After dinner one night, we were just cooing over my three month old infant smiling. What is it about a baby’s smile that just makes you giggle, laugh out loud, feel so filled with love and happiness? Of course, I love to see my oldest Elijah smile, and my husband. But there is nothing like a baby’s smile. What is it?

My husband and I were just smiling and giggling over this little person’s smile and I got nervous that my five-year old Elijah would get jealous. But he just said, “when Ezra smiles, it makes me want to smile.”

How lovely a thing to hear! How perfect!

How happy it made that he wasn’t jealous, that the smile just made him happy.

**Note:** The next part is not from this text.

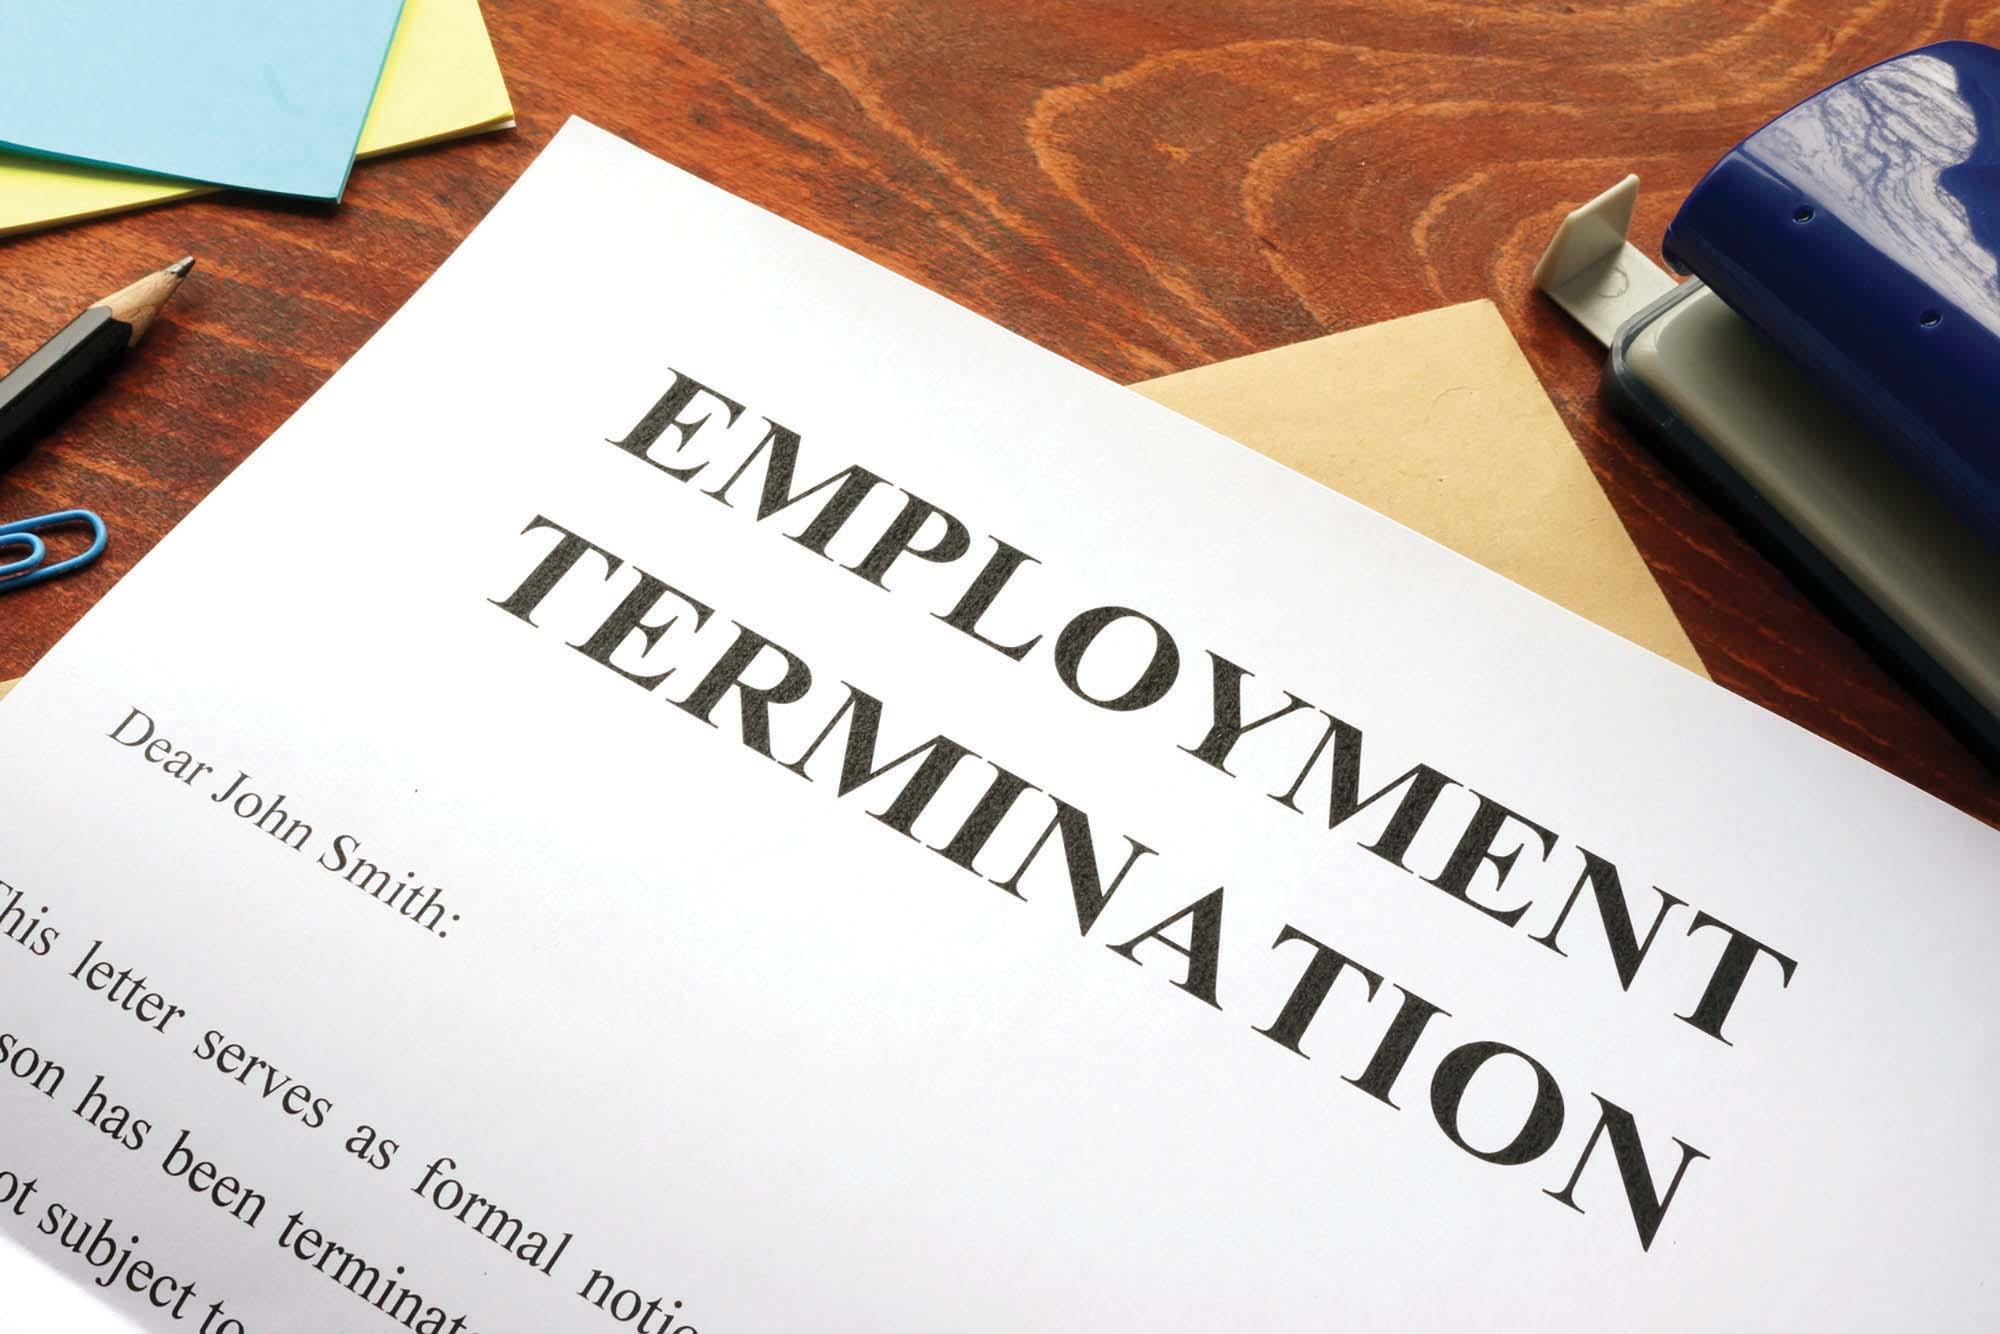 Chấm dứt hợp đồng lao động (Termination of Employment) là gì? Chấm dứt việc làm tự nguyện và không tự nguyện - Ảnh 1.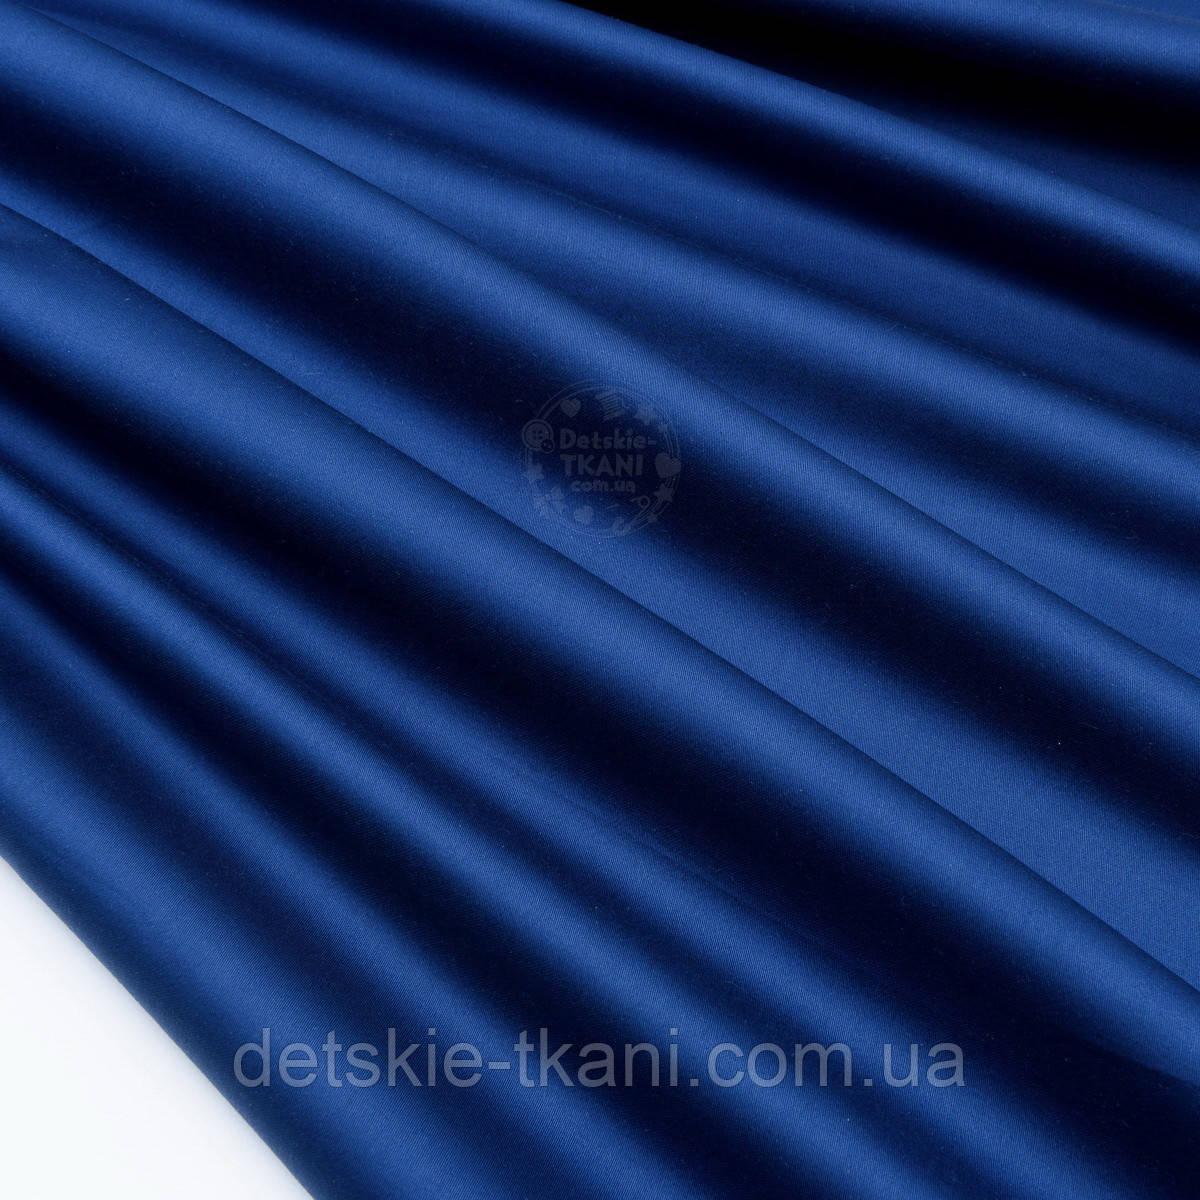 Отрез сатина цвет тёмно-синий №1749с, размер 50*240 см

So I tried it out at Ross. I smiled randomly at people who seemed unhappy or so focused on their goal they were unknowingly sporting frowns. I smiled and though they seemed tentative, they reciprocated. And the brief exchange was pleasant.

So, I try to do it more often with people everywhere. I try to remember that a smile is worth something. Unfortunately, I learned that a smile is worth more than I have in currency to the older gentleman who hasn’t received a smile in quite some time. The exchange sometimes includes an uninvited flirtation or “can I get your number?” Sometimes, I want to yank my smile back or say, “it’s just a smile! Not an invitation.” But I continue to smile and say thank you or no you cannot have my number.

I guess they are used to getting ugly mugs from people. Elijah has asked me about the ugly mug I’ve had on different occasions, “Mommy are you mad?”

“No honey, I’m not mad, why do you ask?” I reply with another question.
“Because you’re not smiling,” he lamented.

“I’m sorry,” and I give him the smile he deserves to see always.

On another occasion, it was simply, “I like it when you smile.” And I told him, “I like it when you smile.” And then we just smiled and our silly grins turned into laughter.

When I’m at work and smile at my students when they are down or deep in thought, their faces brighten and they smile back. I’ve even started smiling at random students in the hallways. They need those smiles, that energy, that warmth. I need that warmth and when I remember that a simple smile can supply warmth, I ask myself why aren’t you smiling and I reply with one.


  1. Hey...smiling does feel good. It's god to be reminded and to remind oneself. I've had the same reaction from people in the public. On the home base it's sometimes met with suspicion. That probably means more smiles are needed? Kinda like random acts of kindness on the cheap.

  2. I agree with Loretta, smiles are sometimes met with suspicion. This could be because people don't see them enough; and it might also be because people don't always know how to read them. A smile, like Ezra's, can bring joy. One spread between strangers can create the bond of a shared experience. A smile can carry a mulititude of meaning. I've learned to rely on one when I don't have the words. I think Mother Theresa described a smile as a gift or an act of love, but I also agree with Melville: "a smile is the chosen vehicle of all ambiguities."